Irish prison inmates will be taught how to retrofit homes before release

Irish prison inmates will be taught how to retrofit homes before release

IRISH prisoners will be taught how to retrofit homes before they are released back into society.

A new pilot scheme will see inmates undertake a training programme designed to give them skills to gain employment when they leave prison.

The initiative went live in Midlands Prison, a medium security facility for adult males, in Co. Laois yesterday (February 26).

There inmates who are close to their release date will be trained to complete the Retrofit Skills Course QQI Level 5 component award.

The course will also be offered to inmates in Wheatfield Prison in Dublin, with the aim of giving “the individual the skillset to gain well-paid meaningful employment in the area of retrofitting” a spokesperson for the Department of Higher and Further Education has confirmed.
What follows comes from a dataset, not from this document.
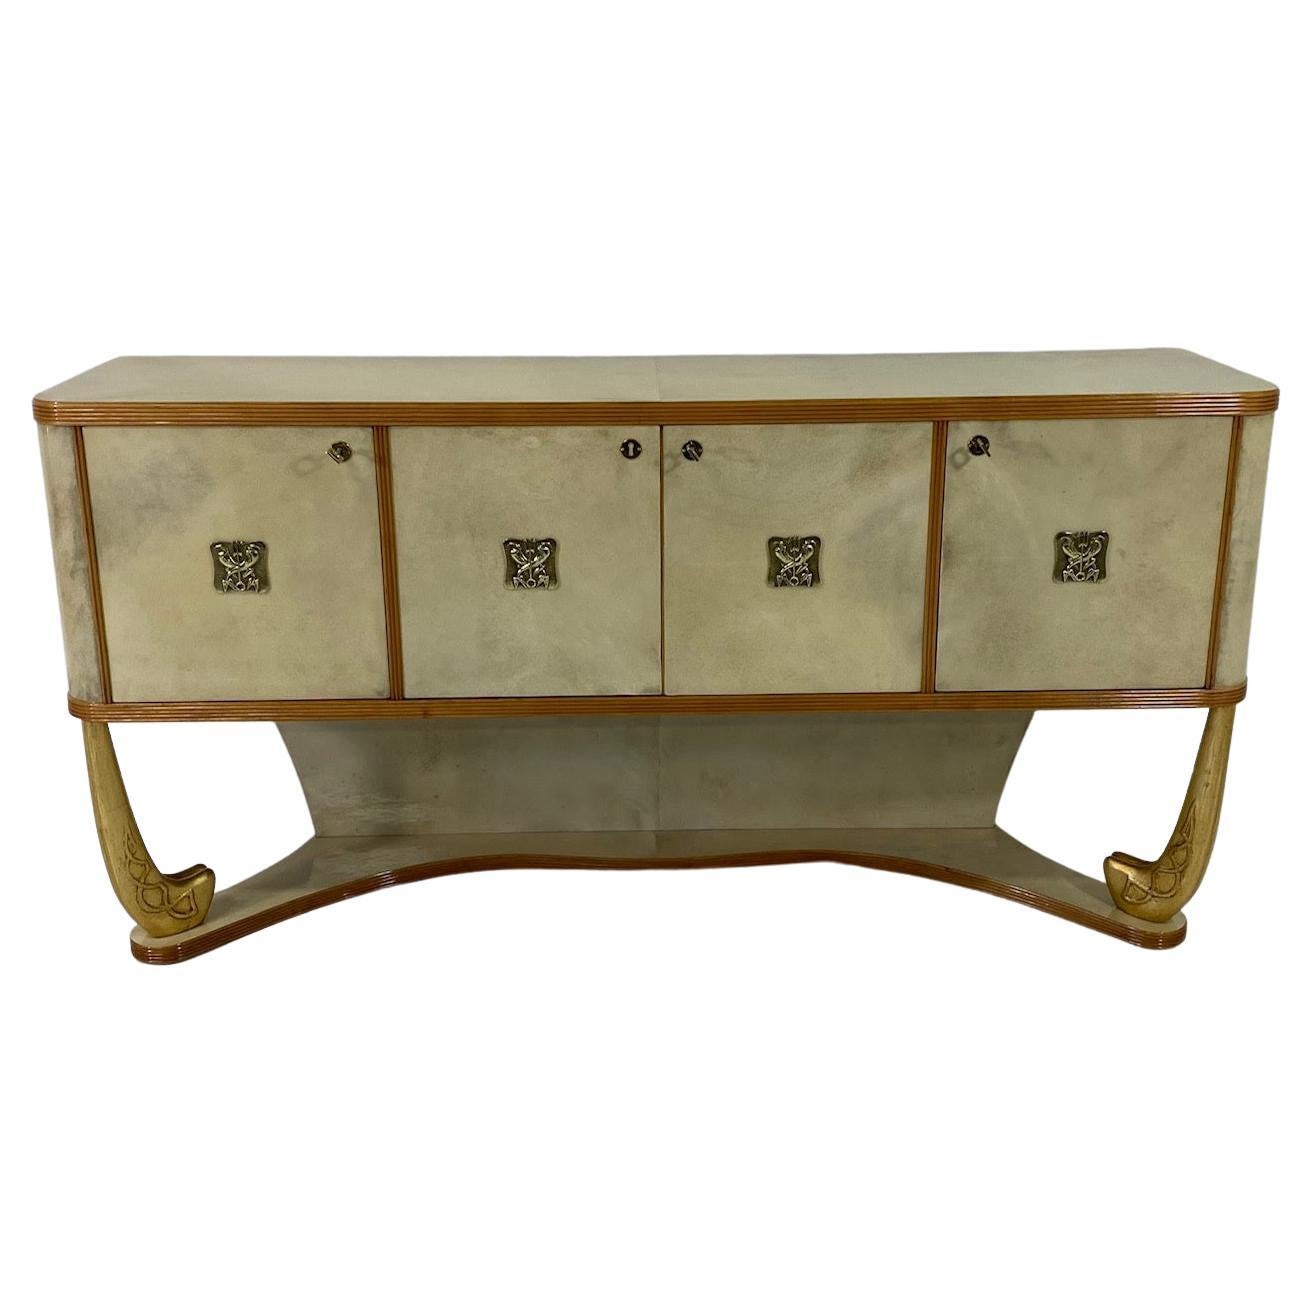 Italian Art Deco Parchment, Maple, Gold and Brass Sideboard, Attr. to Colli, 30s For Sale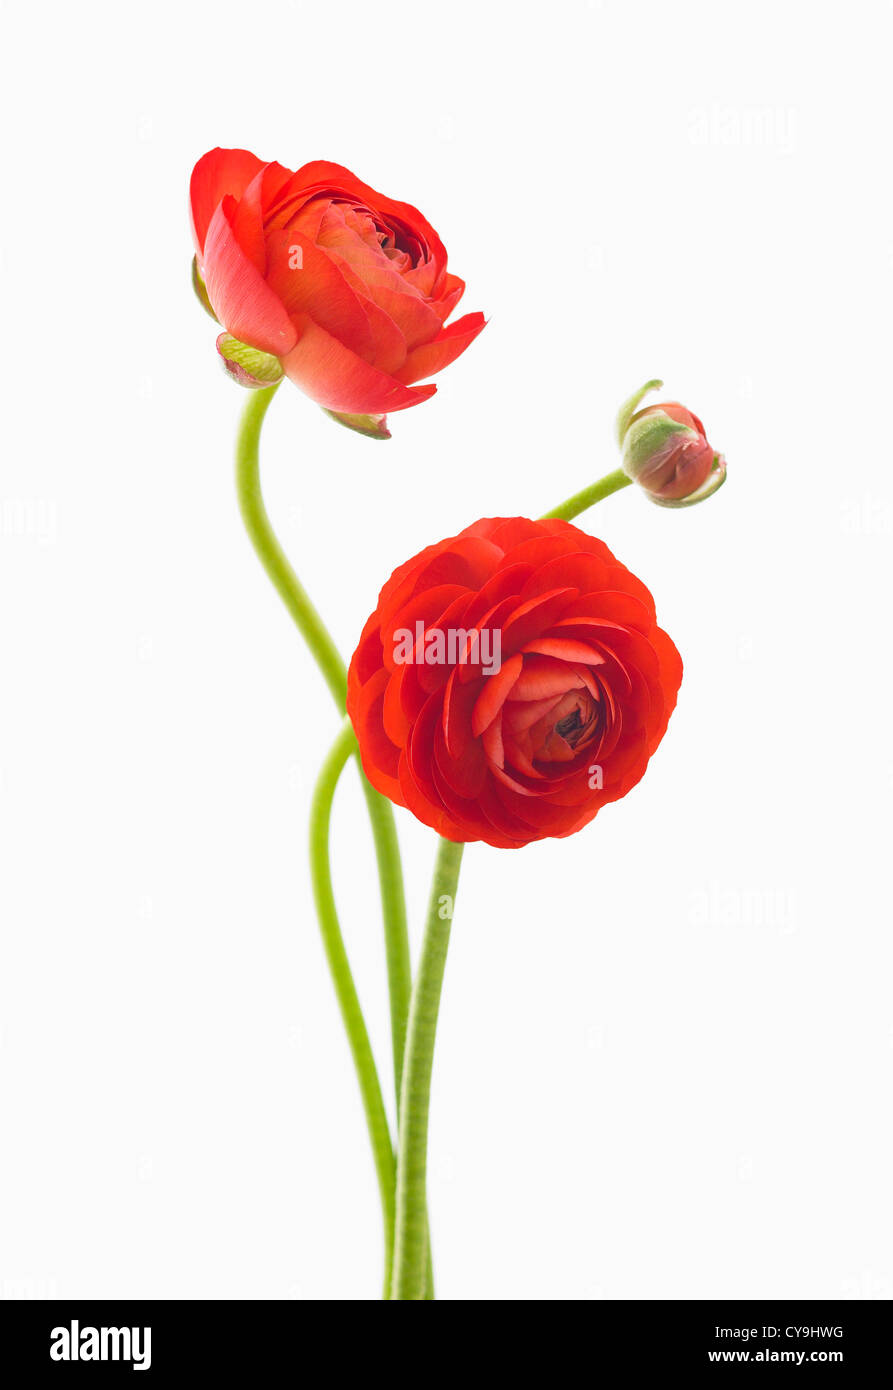 Ranunculus asiaticus 'Elegance Red', Red Persian ranunculus against a white background. Stock Photo

“This programme will be offered to those who are close to release – and will equip them with the training and skills they need to become active participants in the jobs market,” Minister for Further and Higher Education Simon Harris said.

“These courses will give them the skills they need to get sustainable jobs on release, while also creating skilled workers to help deliver on our targets under Housing for All,” he added.

The programme has been rolled out in Midlands Prison in Co. Laois this week

Laois Offaly Education and Training Board’s National Construction Centre, Mount Lucas has worked closely with the Irish Prison Service over the past year to make the new course available.

The initiative has come from the Prison Education Taskforce, which is chaired by Minister Harris and Minister of State at the Department of Justice, James Browne.

It comprises agencies such as the Irish Prison Service, SOLAS, the Probation Service and the Education and Training Boards.

"Education and training allow people to see alternative choices, a different future and to move away from criminality,” Minister Browne said.

"We can’t underestimate the importance of taking an employment focused view of education in our prisons,” he added.

“Retrofitting is a service that is in big demand in Ireland at the moment so I am very pleased that Minster Harris and I have been able to secure this important new training programme.”

He explained: "This qualification will have a positive impact on the individual themselves and their families by supporting people accessing gainful employment.

“The programme will also be of big benefit to communities by increasing the availability of retrofitting professionals to help homeowners safeguard against the cost of living and help the environment by improving energy efficiency in their homes."

Responding to the launch of the new programme, Irish Penal Reform Trust (IPRT) Executive Director Saoirse Brady called for the governemt to go further to support prisoners.

"We know that giving people opportunities when they've come out of prison is key to ensuring that they're less likely to reoffend and that results in safer communities,” she said.

“The other piece is we know there are a lot of people who are entering prison from homelessness and exiting prison into homelessness,” she added.

“While employment is key we need to have a holistic approach to this, and ensure that all the supports are put in place for people leaving prison.

She added that offering training for employment is “really positive” but claimed “this is just one piece of the puzzle".